Covid19 : « Utiliser des mouchoirs à usage unique et les jeter. » les jeter mais où ?

Vendredi 13 mars 2020, COVID-19 ET DÉCHETS D’ACTIVITÉS DE SOINS À RISQUES INFECTIEUX

Robin des BoisHier au Conseil d’Administration de l’ANSES* le représentant de Robin des Bois a exprimé notamment à l’adresse des représentants du ministère de la Santé et du ministère de l’Ecologie ses réserves et ses étonnements vis-à-vis des mots d’ordre tels qu’ils sont à ce jour adressés à la population générale via le site gouvernement.fr/info-coronavirus.

« Tousser ou éternuer dans son coude ou dans un mouchoir. » « Utiliser des mouchoirs à usage unique et les jeter. »
Le mouchoir à usage unique est prescrit. Après chaque quinte de toux, éternuement ou expectoration, il convient de le jeter (sic). « Jeter » mais où ? Dans la rue, dans les milieux naturels, par la fenêtre, dans un bac à compost, dans un conteneur à textiles usagés ou dans des poubelles à déchets recyclables ? Oubliant de flécher ces déchets sanitaires, le gouvernement nous recommande simplement de les « jeter », pour ne pas dire de s’en débarrasser. En fait, tous ces déchets à risques sanitaires doivent selon Robin des Bois être regroupés dans des sacs poubelle fermés et déposés dans un bac à déchets non recyclables et non compostables pour éviter leur dispersion dans les environnements ou sur les tables de tri des déchets ménagers.

Si on peut espérer qu’en toute logique de traçabilité les masques de protection du personnel médical, infirmier, aide-soignant et ambulancier soient traités en tant que DASRI (Déchets d’Activités de Soins à Risques Infectieux) et par conséquent incinérés dans des filières validées, par contre on peut redouter que les masques portés spontanément par des personnes étrangères aux personnels sanitaires ne suivent pas la même filière. Il convient donc ici aussi d’inviter la population à une gestion minimale, c’est-à-dire le dépôt dans des poubelles destinées à l’élimination, comme les mouchoirs.

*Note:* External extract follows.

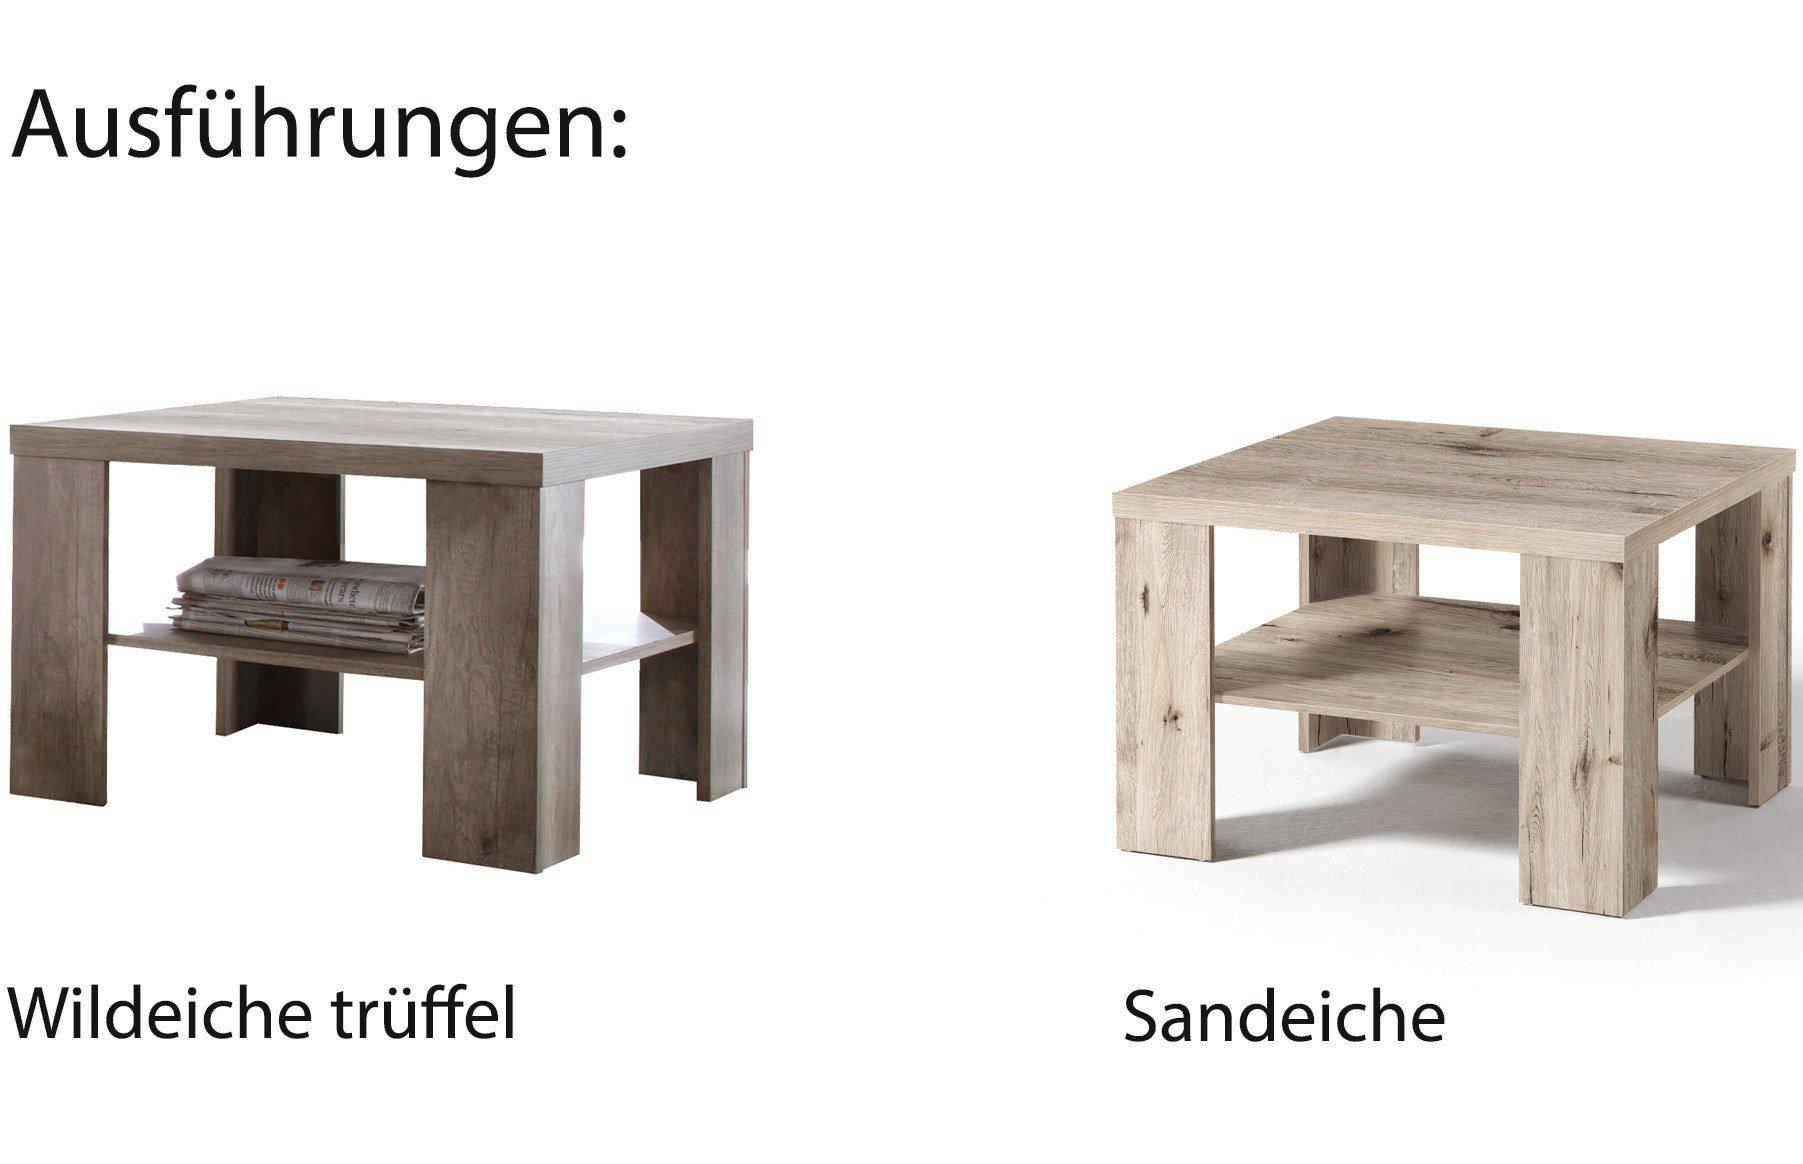 beistelltisch couchtisch matti von m usbacher in. Black Bedroom Furniture Sets. Home Design Ideas

De plus en plus de passagers dans les transports en commun et notamment dans le métro portent en guise de protection sur la bouche et sur le nez des foulards ou des écharpes. Il serait utile que le site du gouvernement se prononce sur l’efficacité et les modalités après usage de cette protection spontanée.

* Agence nationale de sécurité sanitaire de l’alimentation, de l’environnement et du travail.